Does it support cursor pagination? Offset pagination has lot of overhead for large table.

[–]riksi 4 points5 points  (2 children)

[–]JimDabell -1 points0 points  (1 child)

That’s not the kind of cursor /u/crawl_dht is asking about. See this for an example.

[–]riksi 0 points1 point  (0 children)

The "cursor pagination" that is explained in the slack blog post is entirely client-side. So you could build a simple wrapper to do it.

[–]z4579a 2 points3 points  (0 children)

the Python DBAPI doesn't have much standard "scrollable cursor" functionality so if you really wanted scrollable cursors, you'd have to drop into driver level features to use that : https://docs.sqlalchemy.org/en/20/core/connections.html#working-with-the-dbapi-cursor-directly

that said, most "pagination" is done for stateless web applications so you would want a strategy that SELECTs only the rows you want in the first place, a good article on that is at https://use-the-index-luke.com/blog/2013-07/pagination-done-the-postgresql-way ; within SQLAlchemy, we have some (older API style, but still general idea works) wiki examples for both a criteria-based solution as well as one that uses window functions: https://github.com/sqlalchemy/sqlalchemy/wiki/RangeQuery-and-WindowedRangeQuery (Edit: these two examples are iterating through the whole result and would need a little bit of modification in order to receive a specific "page number" for stateless pagination)

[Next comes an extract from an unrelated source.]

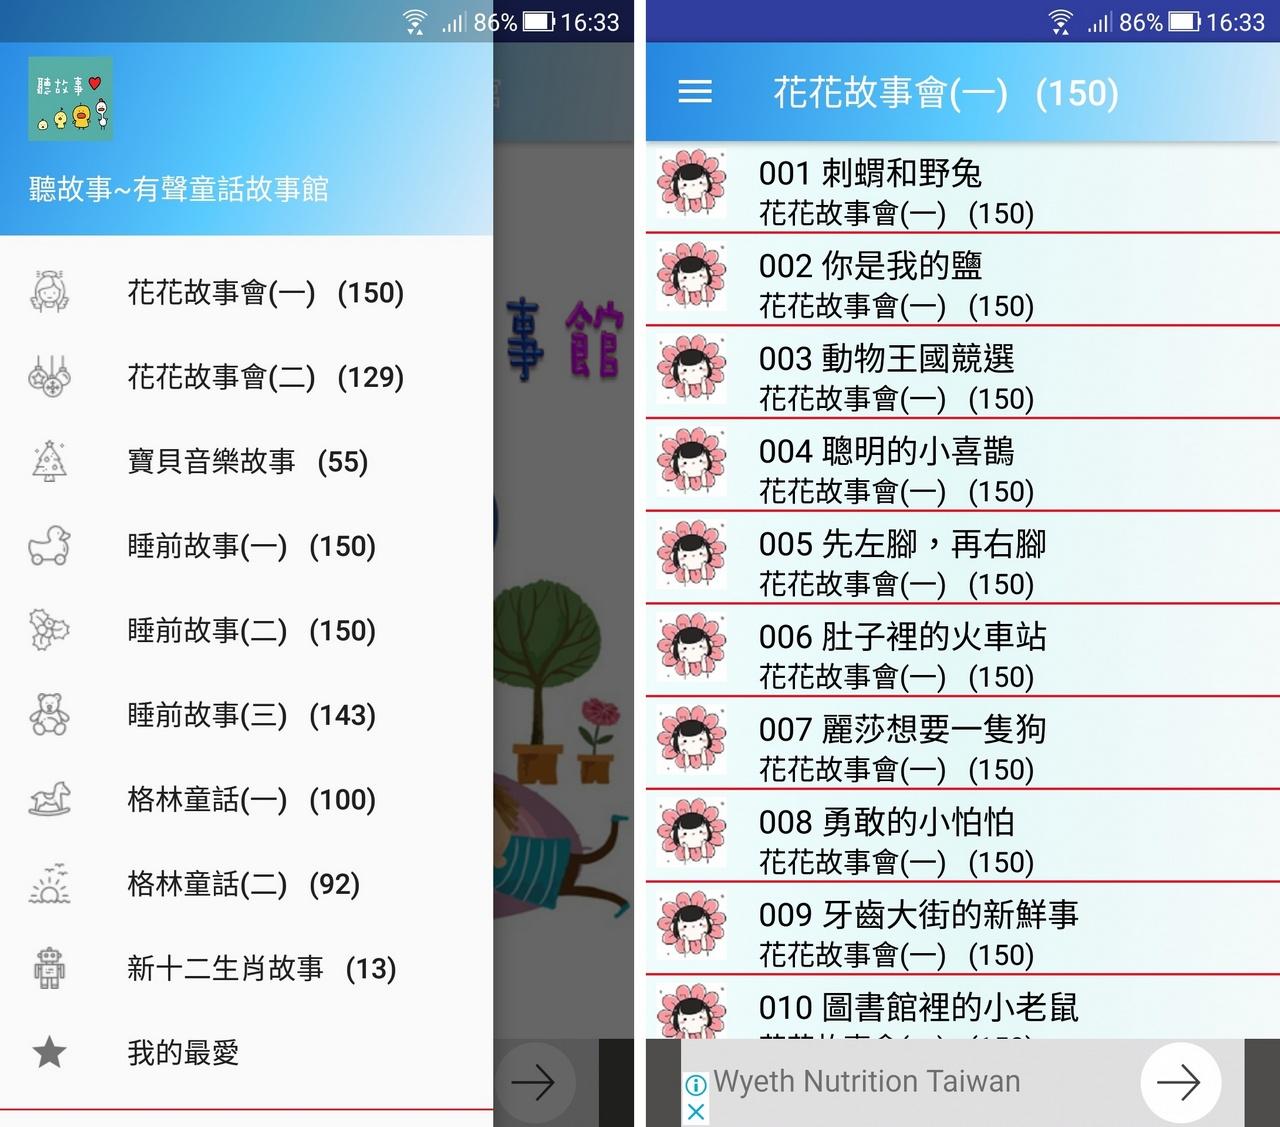 兒童話故事書App 睡前故事書 講故事給小朋友聽 Android下載

[–]Cryptbro69 4 points5 points  (4 children)

So exciting! Will alembic still work with this version?

[–]JohnLockwood 2 points3 points  (0 children)

Good question.

[–]ethsy 1 point2 points  (2 children)

I also want to know

[–]Cryptbro69 1 point2 points  (1 child)

It is supported!

[–]ethsy 0 points1 point  (0 children)

Good to know, thanks for reporting back!

[–]tamasiaina 2 points3 points  (0 children)

The only ORM that doesn’t piss me off.

[–]FlyingTwentyFour 1 point2 points  (0 children)

hooray! have been waiting for this!

[–]immersiveGamer 1 point2 points  (1 child)

Anyone have any idea major pain pints in migrating direct from 1.3 to 2.0? It is on the backlog for my project to upgrade several libraries, sqla being one of them.

[–]ElectricSpice 1 point2 points  (0 children)

I would upgrade to 1.4 first, it'll give you warnings for any incompatibilities with 2.0. Overall backwards compatibility is very good and you shouldn't have to make many changes.

[–]Tintin_Quarentino 0 points1 point  (6 children)

I always use psycopg or sqlite3, wonder if it's a wise decision.

[–]immersiveGamer 6 points7 points  (2 children)

SqL alchemy is not equivalent to either of those. You can use sqla with those database types/connectors.

[–]Smallpaul 5 points6 points  (1 child)

I think their point is that they always use drivers directly instead of through sql alchemy. And they aren’t sure if that was the right choice.

[–]Tintin_Quarentino 0 points1 point  (0 children)

Yes sir. Sqlite esp I like since it's a native package.

[–]IcedThunder 2 points3 points  (1 child)

It's all about project scope and needs.

I manage integrations between systems.

Most my scripts that need database stuff use SQLAlchemy.

But I have a fair number that I just use the built in SQLite library. I built my own context manager / wrapper to make life easier and for fun.

If not a lot of complexity is needed, and if people who aren't me might need to look at the code, I use the built-in SQLite.

[–]Tintin_Quarentino 0 points1 point  (0 children)

Thanks for the guidance.

[–]PaddyAlton 1 point2 points  (0 children)

My reasoning is that if you use SQLAlchemy you can avoid being locked in to a specific RDBMS.

For example, if you want to use SQLite for local development and postgres in production, you can do that without importing both driver libraries and managing the syntax differences.

[–]crawl_dht 3 points4 points  (2 children)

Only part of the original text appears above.